*** GIVEN MATERIAL Section Begins ***
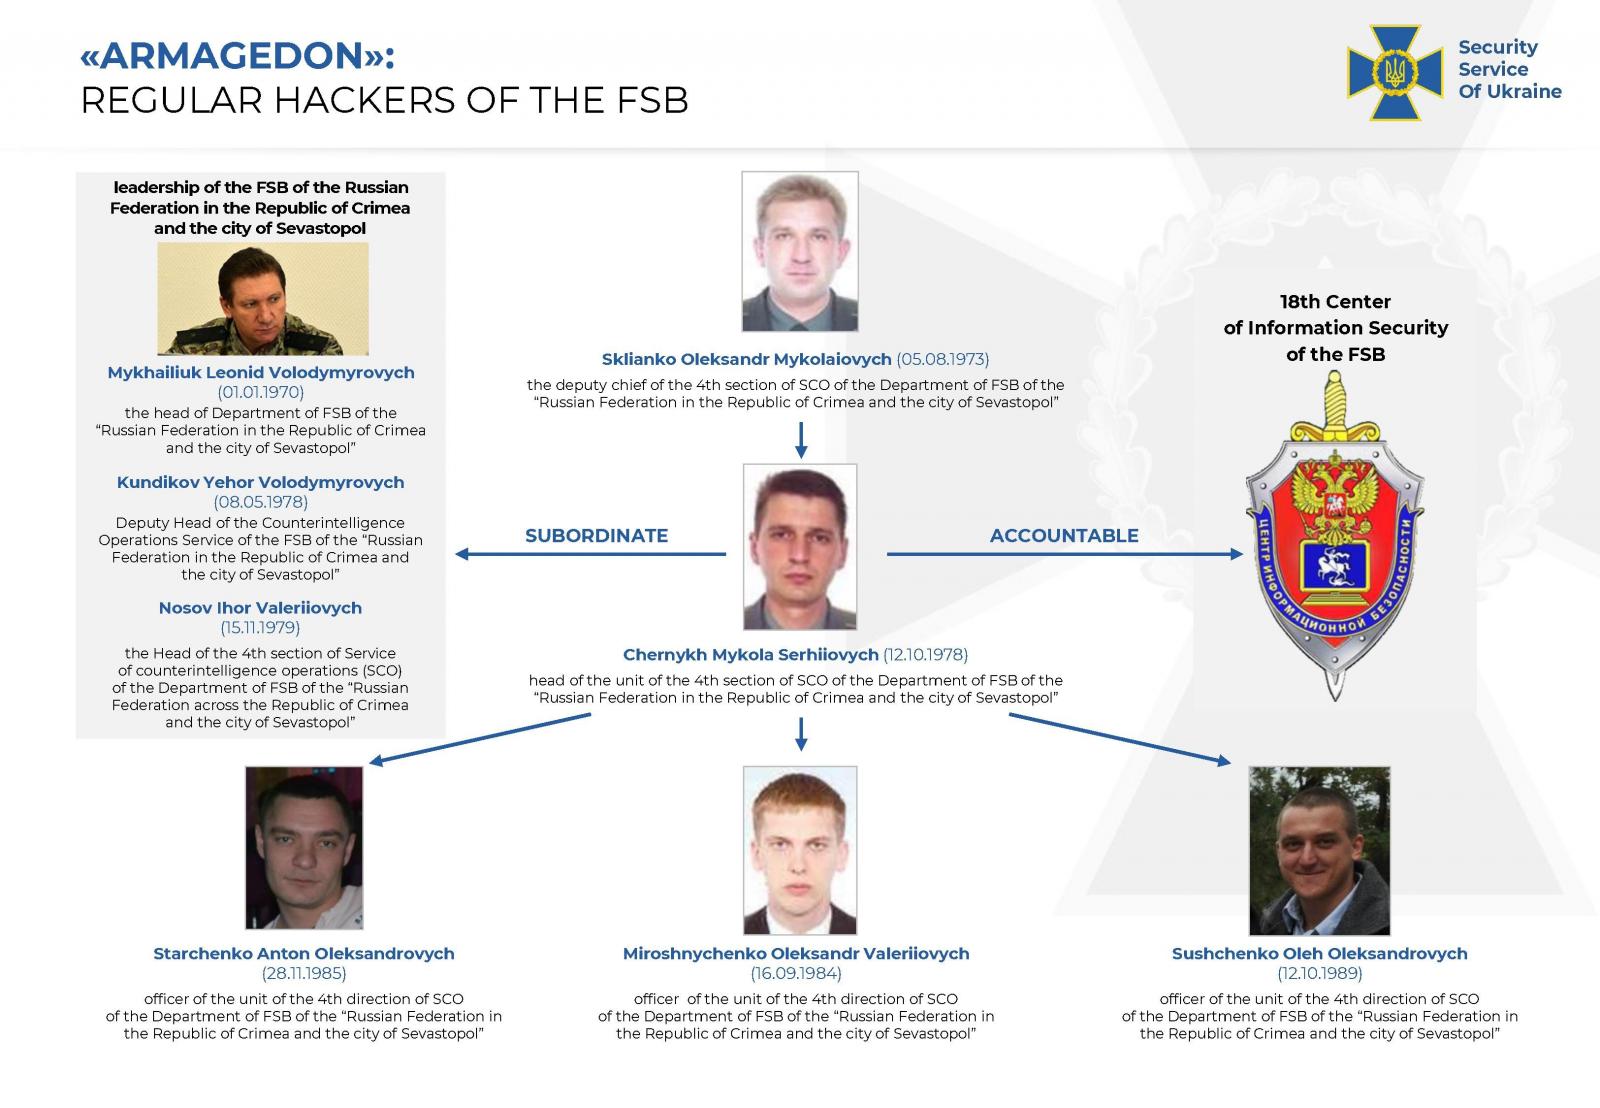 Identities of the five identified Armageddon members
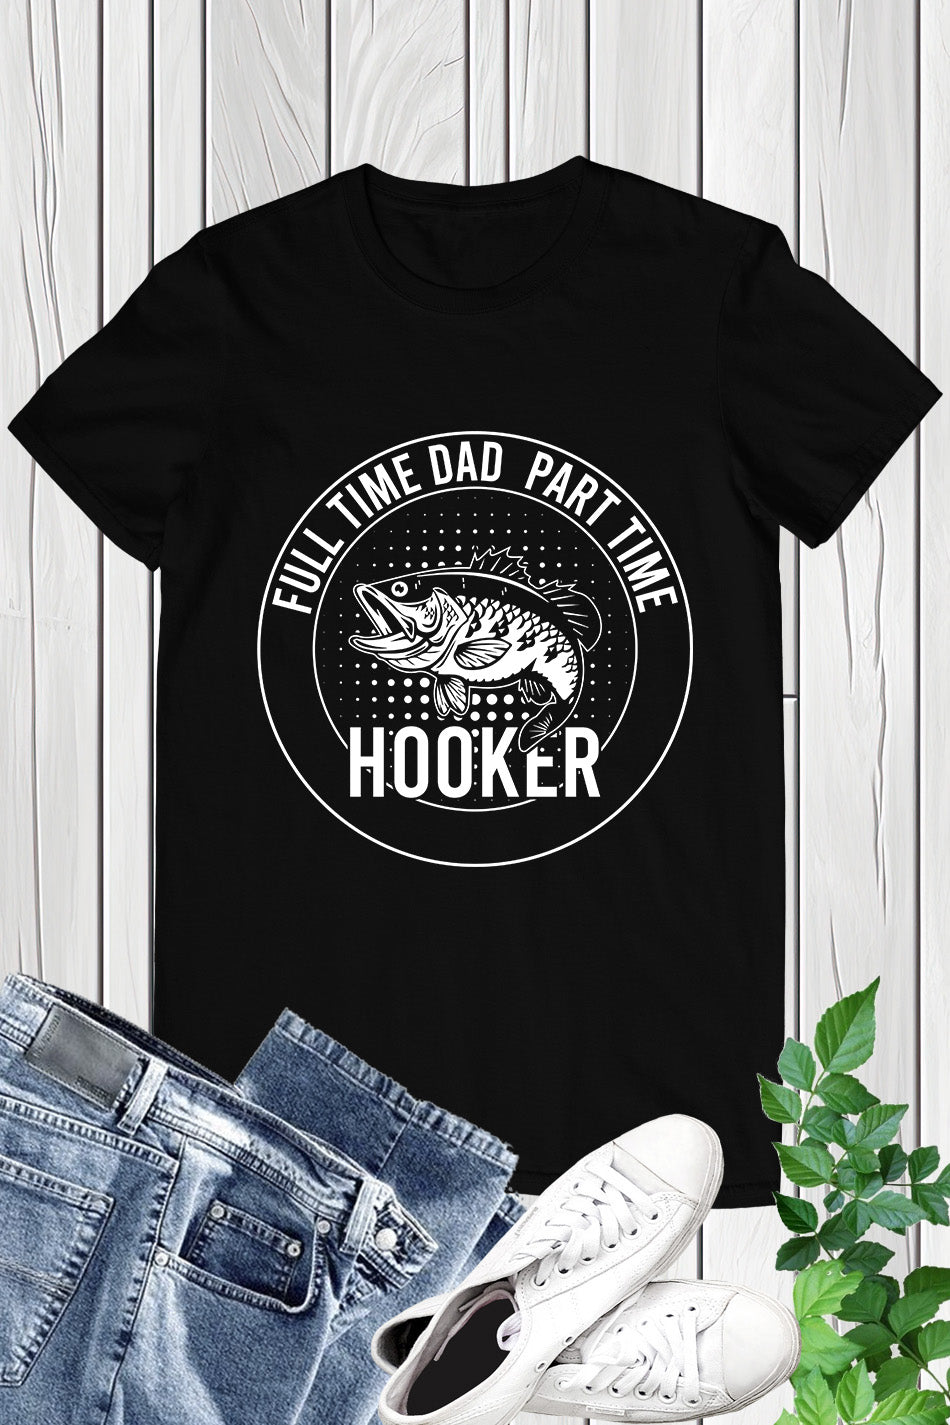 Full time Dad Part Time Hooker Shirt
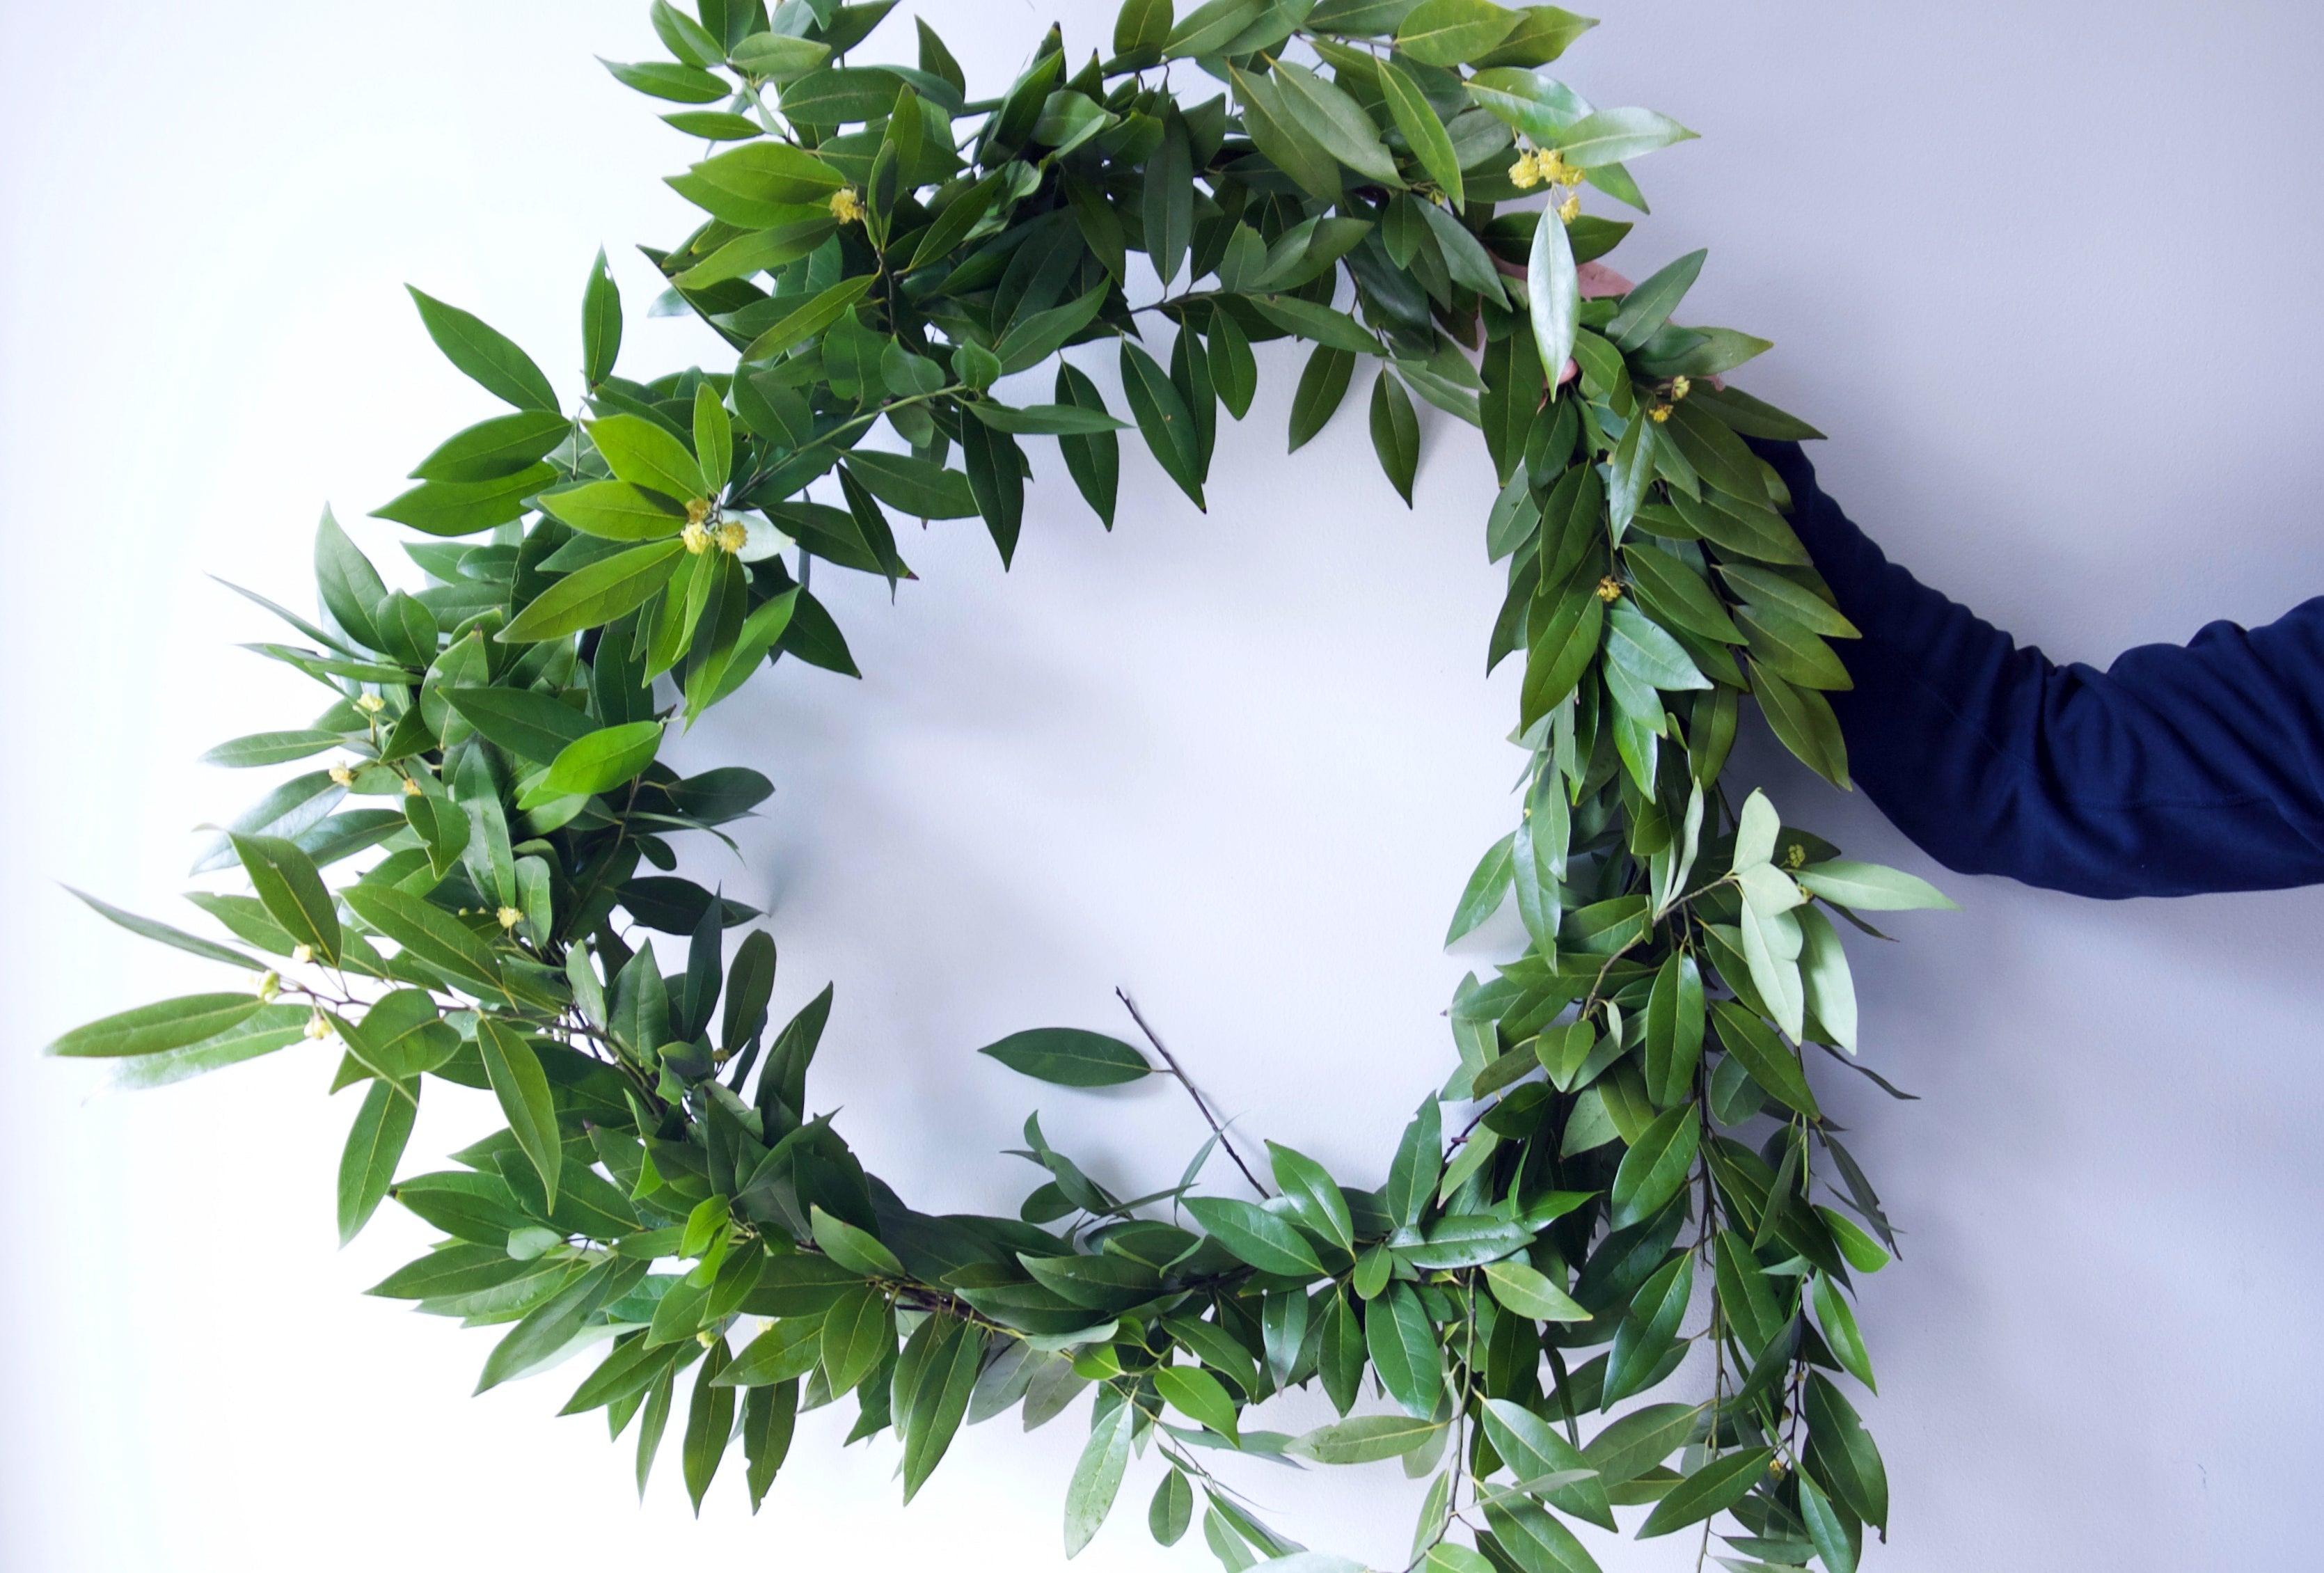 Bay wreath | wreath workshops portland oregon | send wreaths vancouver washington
*** GIVEN MATERIAL Section Ends ***
● **EXERCISE GOAL**
Word for word, repeat only the lines from the line containing "Full time Dad Part Time Hooker Shirt" through the end of the data, without any pictures.

● **EXERCISE OUTPUT**
 Full time Dad Part Time Hooker Shirt
 Bay wreath | wreath workshops portland oregon | send wreaths vancouver washington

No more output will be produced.